4.1

Cost of manufacturing ,C(x,y)=$100x^2+100xy+400y^2$ where x is the number of motorbikes and y the number of cars.

$\therefore$ Revenue,R(x,y)=$36,000x+180,000y$

$\therefore$ profit, $\pi$ =$36,000x+180,000y-100x^2-100xy-400y^2$

For $\pi$ max,$\frac{\delta\pi}{\delta x}=36,000-200x-100y=0$

$2x+y=360$ .........................................(1)

$\frac{\delta\pi}{\delta y}=180,000-100x-800y=0$

$x+8y=1800$ ........................................(2)

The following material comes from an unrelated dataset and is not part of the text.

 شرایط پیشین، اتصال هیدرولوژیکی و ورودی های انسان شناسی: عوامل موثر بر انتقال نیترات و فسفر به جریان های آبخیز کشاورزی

Using Gaussian elimination to eliminate x;

$(2x+16y)-(2x+y)=3600-360$

$15y=3240$

$y=216$

Putting this value of y in (2)

$x=1800-1728=72$

$\therefore$ for maximum profit, $\pi$ ,no of motorbikes=72 and no of cars=216.

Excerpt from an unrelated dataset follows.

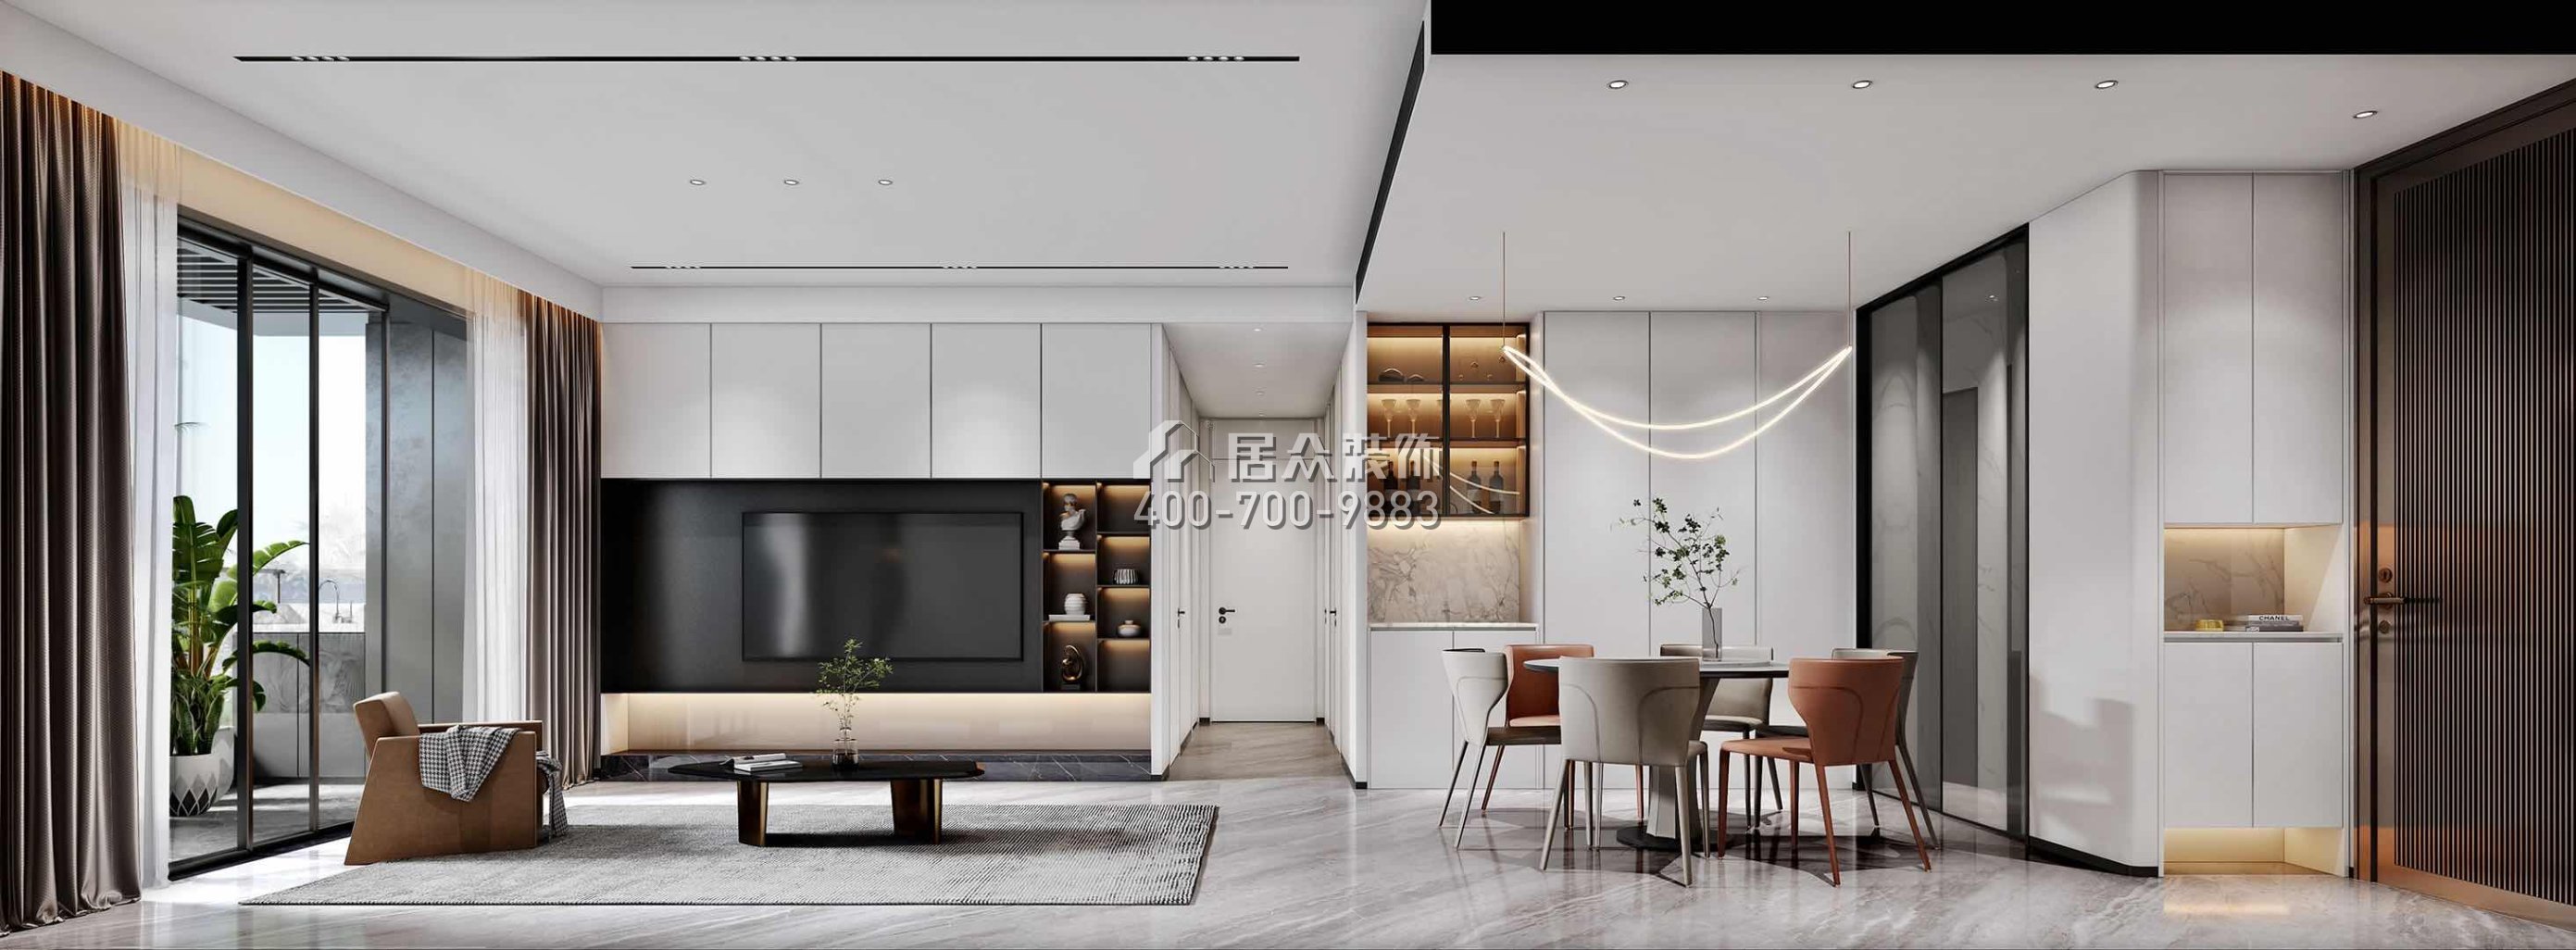 天健天骄123平方米现代简约风格平层户型客餐厅一体装修效果图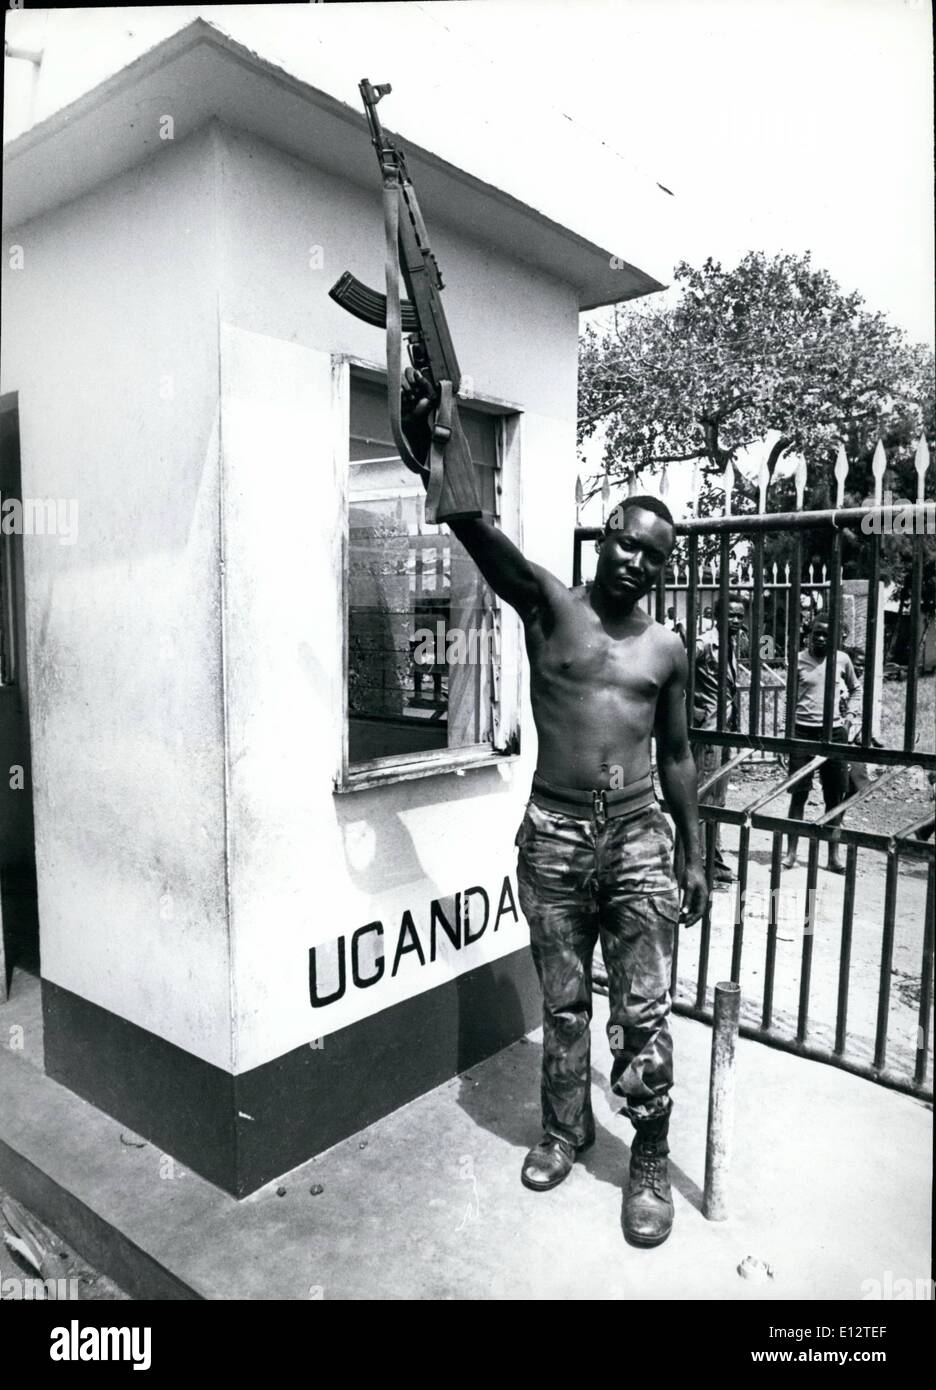 Febbraio 25, 2012 - Busia Uganda. Un soldato della Tanzania onde la sua pistola dopo la cattura del posto di frontiera di Idi Amin, le truppe. Il confine tra Kenya e Uganda è ora aperto. Foto Stock

Maximum profit =36,000(72)+180,000(216)-100(72)$^{2}$ -100(72)(216)-400(216)$^{2}$ =$\$20,736,000$

4.2

$\pi(x,y)=36,000x+180,000y-100x^2-100xy-400y^2$

$\frac{\delta^{2}\pi}{\delta x^{2}}=\frac{\delta}{\delta x}36,000-200x-100y=-200<0$

$\frac{\delta^{2}\pi}{\delta y^{2}}=-800$

$\frac{\delta^{2}\pi}{\delta x\delta y}=-100$

$\frac{\delta^{2}\pi}{\delta y\delta x}=-100$

Hessian, H $\begin{vmatrix} \frac{\delta^{2}\pi}{\delta x^{2}}& \frac{\delta^{2}\pi}{\delta y\delta x} \\ \frac{\delta^{2}\pi}{\delta x\delta y}& \frac{\delta^{2}\pi}{\delta y^{2}} \end{vmatrix}$ =$\begin{vmatrix} -200 & -100 \\ -100 & -800 \end{vmatrix}$

The above solution offers maximum profit.

4.3

To test for functional dependence between the cost and the revenue functions in 4.1 the Jacobian

= $\frac{\delta\ (C, R)}{\delta (x, y)}$ should be zero.

$\frac{\delta\ (C, R)}{\delta (x, y)}=$ $\begin{vmatrix} \frac{\delta C}{\delta x}& \frac{\delta C}{\delta y} \\ \frac{\delta R}{\delta x}& \frac{\delta R}{\delta y} \end{vmatrix}$ =$\begin{vmatrix} 200x+100y & 100x+800y \\ 36,000& 180,000 \end{vmatrix}$

=36000000$x$ +18000000$y$ -3600000$x$ -28800000$y$

=32400000$x$ -10800000$y$

=10800000$(3x-y)$

$\frac{\delta\ (C, R)}{\delta (x, y)}$ =10800000$(3\times72-216)=0$

$\therefore$ cost and revenue functions are functionality dependent.